Objective-J is just a language that adds what we consider to be a lot of nice
things to JS. You can use it and still keep HTML/CSS/etc (much like you would
use CoffeeScript). Similarly, you can use it to, say, write command line apps
for the terminal and never touch any web technology at all.

Separately, there is Cappuccino. I do not personally believe the situation to
be either or (or not necessarily anyways). I think HTML and CSS are very
powerful tools, given the right task (presenting documents). However, if I
wanted to write super mario brothers, I would not miss lists and links, but
would want strong graphical abilities.
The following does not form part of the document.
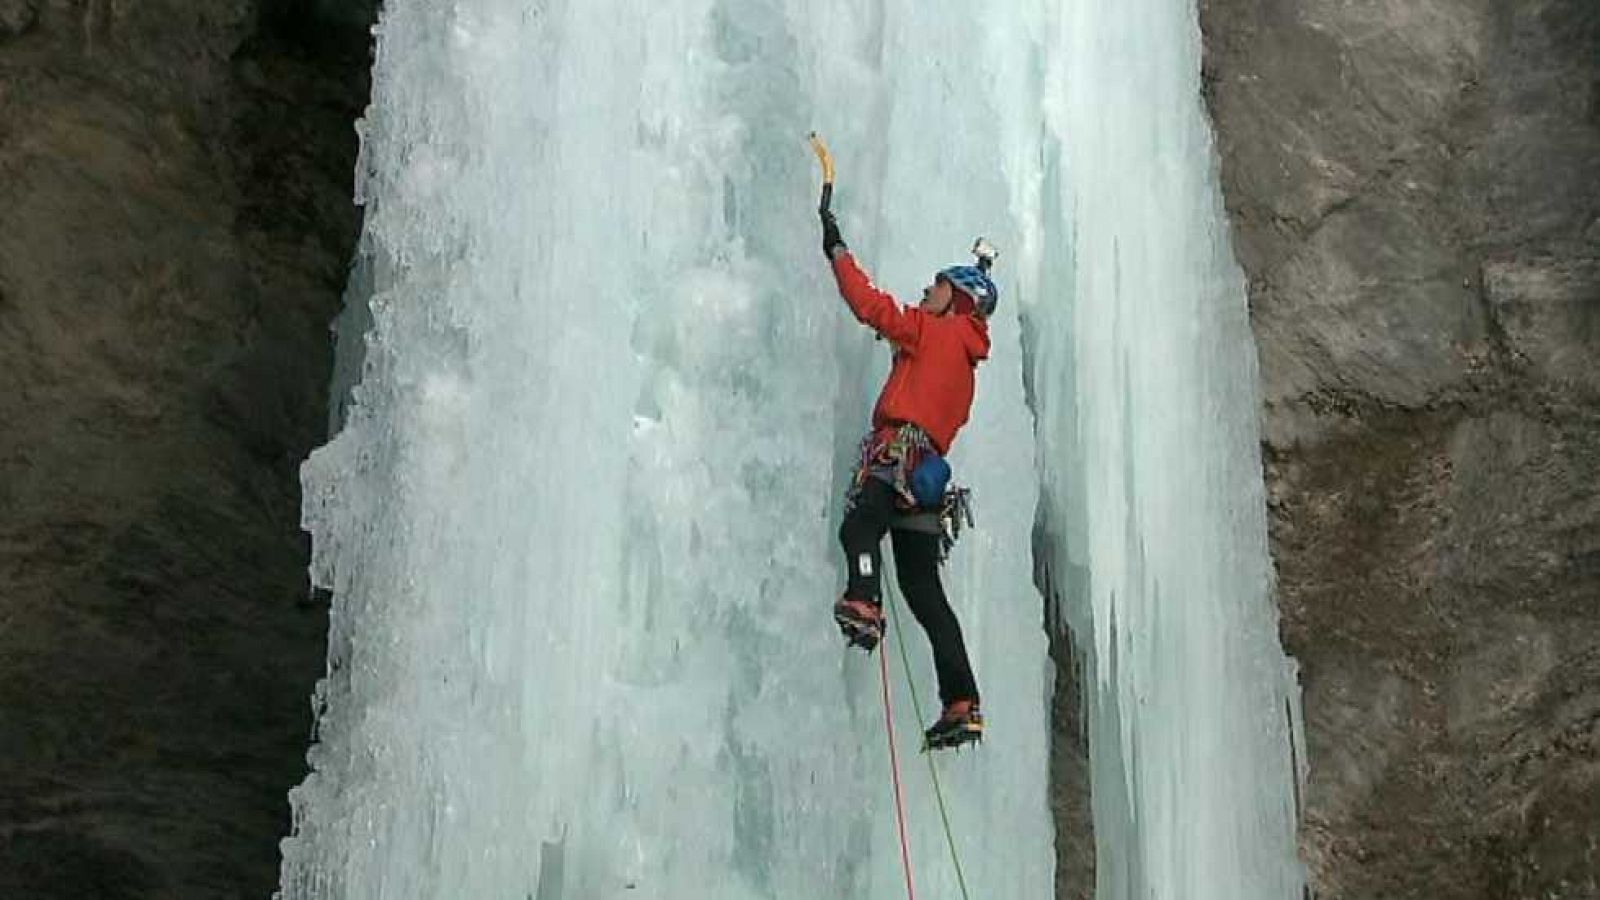 Al filo de lo imposible - 'Una noche con Calipso': escalada en cascadas de hielo de los Alpes (1)  - Ver ahora

HTML has basically conceded this by
adding the canvas element (which if you think about it goes against everything
HTML is about -- semantic meaning). In the end, you should use the best tool
for the task. For example, our GitHub issues app builds its chrome using
Cappuccino, and displays the actual bug report as an HTMLView. No re-
implementation of all of HTML, just literally loading HTML when we want it
(Similar to how Mail's chrome is Cocoa, and the actual mail message rendering
is an HTML WebView).

And, as you say at the end, of course it is only a matter of time until
everything is "post HTML/JS". The fate of every language or framework is to
either die or to be built on top of and abstracted away, there is no "last
technology".

------
MatthewPhillips
I'm not a cappuccino user, but I'm glad to see that a client-side web
framework has become adopted enough to warrant a conference. Hopefully we'll
start to see a lot more of these pop up.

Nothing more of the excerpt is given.